Building MySQL 5.7

The 5.7.5 DMR is now available, and we’ve made some changes to our build system in this one, so I wanted to spend some time discussing how you would now build MySQL.

When we released our April labs release, I wrote about building MySQL with Boost. Now that the first GIS work using Boost.Geometry has passed all the hurdles and landed in a development milestone release (DMR), it’s time to revisit the topic. From now on (5.7.5 and newer), MySQL needs Boost headers to compile. It’s not optional.

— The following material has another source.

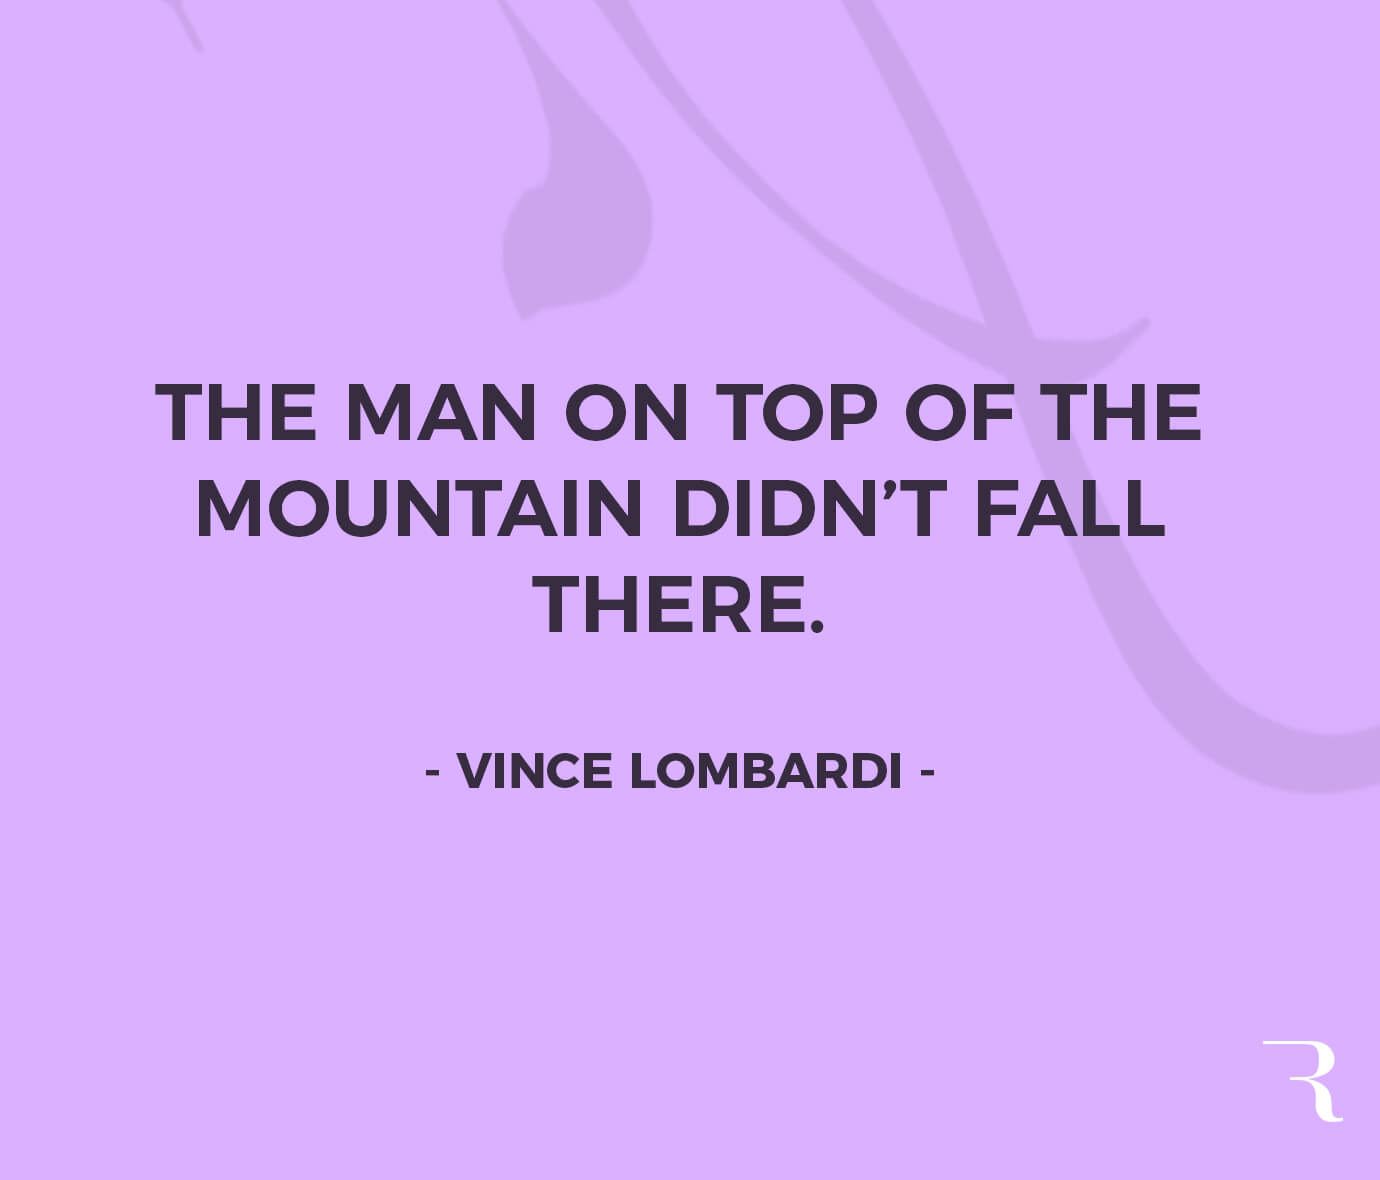 Motivational Quotes: “The man on top of the mountain didn’t fall there.” 112 Motivational Quotes to Be a Better Entrepreneur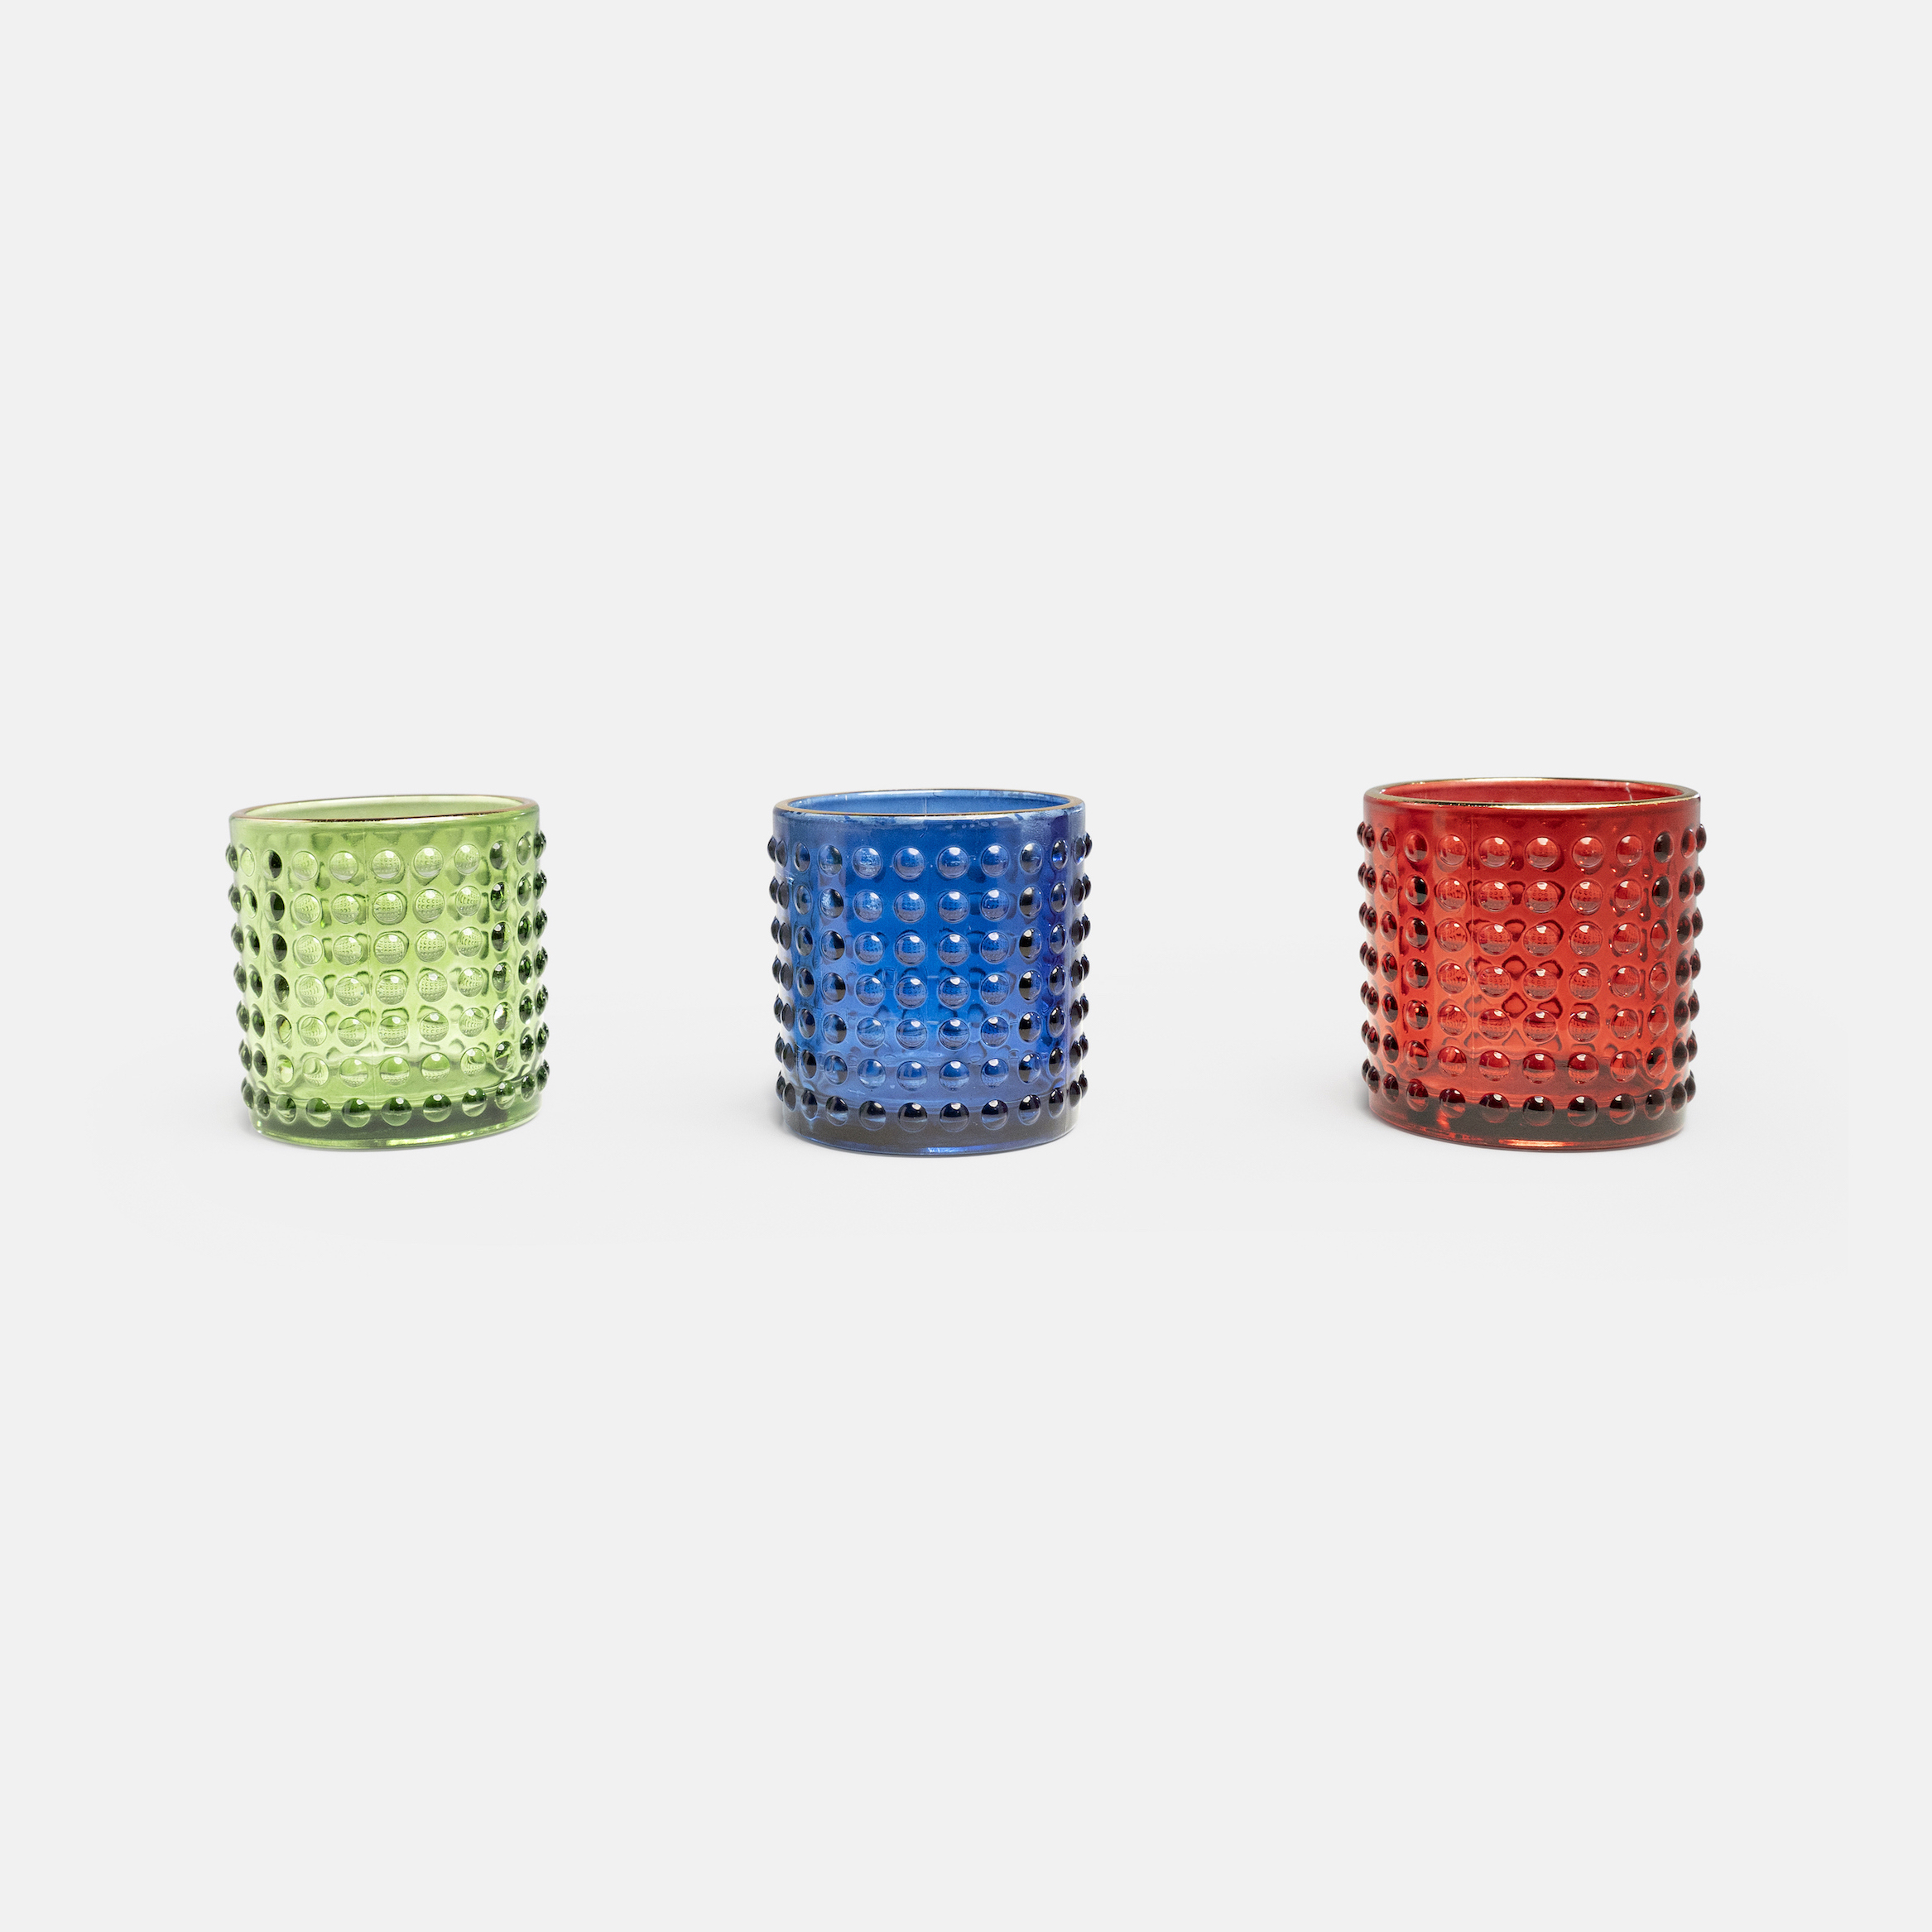 8. BUBBLES Tealight Holders (4 Drop down colour options GREEN, BLUE, RED, MIXED)

We got a few bug reports on the build process for the labs release. Hartmut Holzgraefe quickly submitted bugs 72172, 72185, 72186 and 72188, which have all now been fixed. Thank you, Hartmut! It’s very encouraging for all of us working on this to get quality feedback on a labs release!

Getting Started

Assuming that you’ve just downloaded the 5.7.5 tarball:

tar zxf mysql-5.7.5.tar.gz
cd mysql-5.7.5
mkdir bld
cd bld
cmake .. -DDOWNLOAD_BOOST=1 -DWITH_BOOST=~/my_boost
make

This is almost exactly the same way we did it in the labs release. Actually, that CMake command line way still works, I’ve only changed $HOME to ~ to demonstrate that it now works. We now also support relative paths (bug 72185).

We’ve also improved the error messages if anything goes wrong (bug 72172).

This is the recommended way for developers to build MySQL. If you already have the correct Boost version installed in your include path (we only need the header files), you don’t need any CMake options at all.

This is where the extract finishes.